Испанец Феодосий – один из немногих императоров, которые были крещены в начале своего царствования. Кажется – вследствие этого обстоятельства, его политика приняла более открыто христианский характер. Законы, изданные им в пользу Церкви, превосходят числом законы всех его предшественников, взятых вместе: их насчитывается по нескольку ежегодно. После воцарения на Востоке, первою его заботою было уничтожить арианство.
В 380 году император Феодосий издал повеление, чтобы все народы, подчиненные ему, по вопросу о Троице следовали «вере, которую Римская церковь получила от апостола Петра», в том виде, как её исповедуют «папа Дамас и Пётр, епископ александрийский, человек апостольской святости».
В 381, 382, 384, 388, 389, 394 годах он издаёт законы против еретиков: евномиан, ариан, аполлинаристов, македониан, манихее;
отбираются храмы еретиков с тем, чтобы передать их православным;
запрещаются собрания еретиков;
изгоняются епископы и священники еретиков;
передаются в казну все места, где совершались богослужения еретиков;
уничтожаются их завещания, и объявляются неимеющими силы передачи и получения наследства.
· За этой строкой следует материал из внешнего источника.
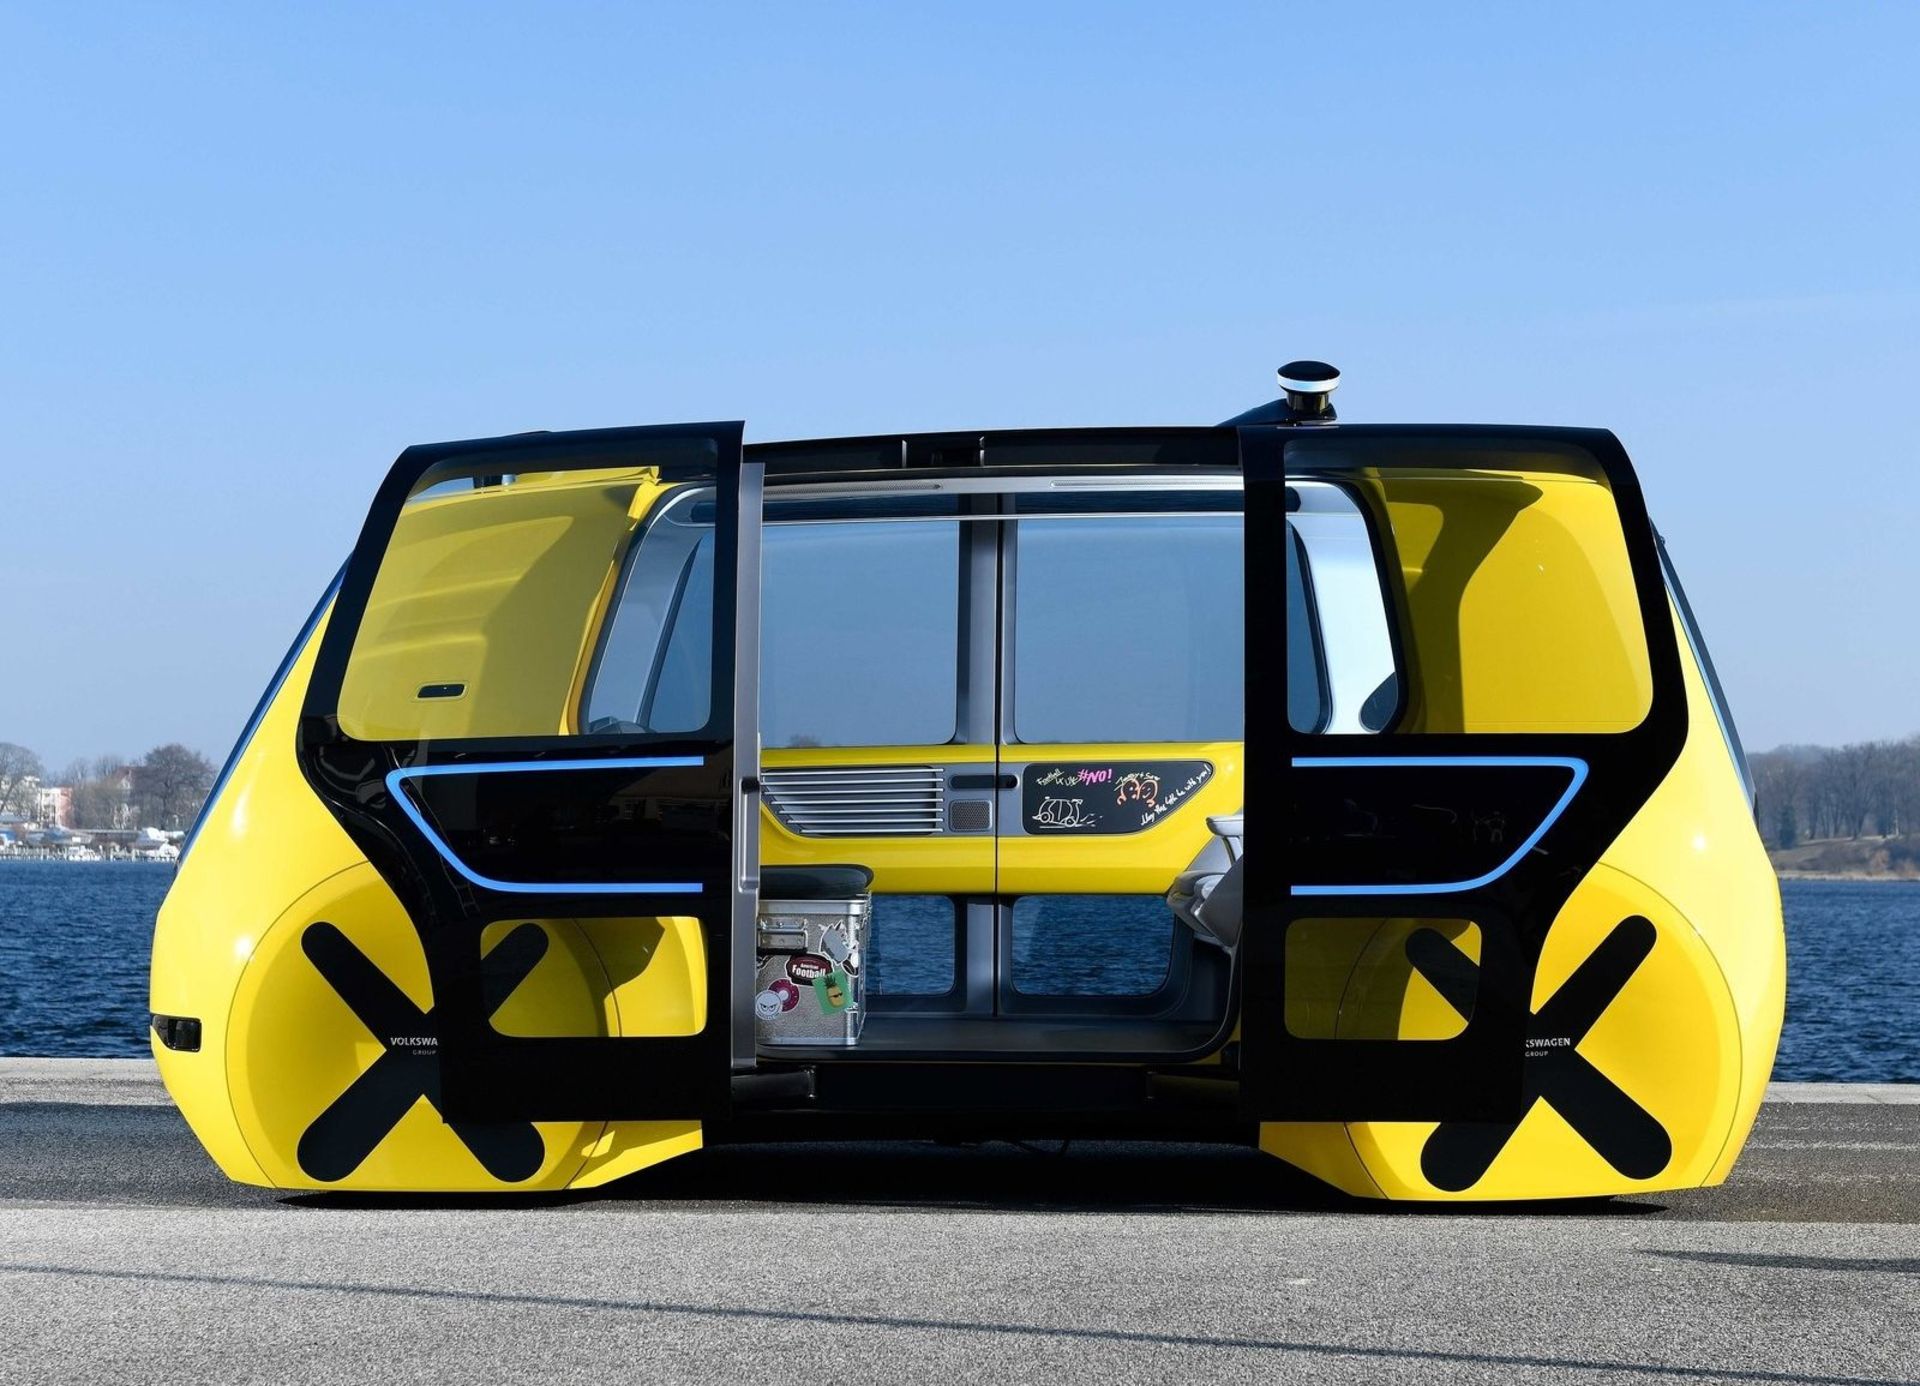 Volkswagen Sedric School Bus Concept

Большое количество этих законов, из которых многие повторяются, указывает на то, что они далеко не везде исполнялись, но свидетельствует об энергичных усилиях православного государя, направленных к восстановлению православного единения в тех областях, которые были разорены любезными Констанцию и Валенту ересями. Начиная с первого и до последнего года царствования Феодосий относится к еретикам, как к мятежникам, отсюда происходят те законы, которые он издаёт ряд повторяющихся законов, не ужесточая мер преследования.
Император Феодосий не давал Христианской Церкви денежных преимуществ, и не расточал в её пользу материальных милостей, но возвышал служителей Христианской Церкви, оказывал почтение к её учению и богослужению, и покровительствовал христианским обычаям. Император Феодосий запрещал вызывать епископов в качестве свидетелей в суд;
запрещал ведение всех уголовных дел в течение Поста;
не дозволял телесных наказаний «в течение святого времени Поста, назначенного для очищения душ»;
запрещал торговать мощами мучеников;
поместил Пасху и воскресение в число дней, празднуемых по закону;
запретил по воскресениям зрелища в амфитеатре и цирке;
в день Пасхи объявлял прощение преступникам;
не дозволял браков между христианами и иудеями;
возборонялось иудеям иметь рабов-христиан;
запретил комедианткам и женщинам дурного поведения появляться публично в одежде дев, посвященных Богу;
не дозволяется брать в труппы танцоров женщин и детей, исповедующих христианство; запретил частным лицам держать и показывать рабынь- музыкантш;
христианину не дозволяется делаться язычником. Виновные в оставлении Церкви ради языческого храма, по закону лишают права распоряжаться своим имуществом и получать собственность по завещаниям. Таким образом, одна из соперничающих религий признаётся отныне по закону низшею, нежели другая.
Законы императора Феодосия преследовали постыдные пороки в городах, в то же время сами наказания становились более нравственными.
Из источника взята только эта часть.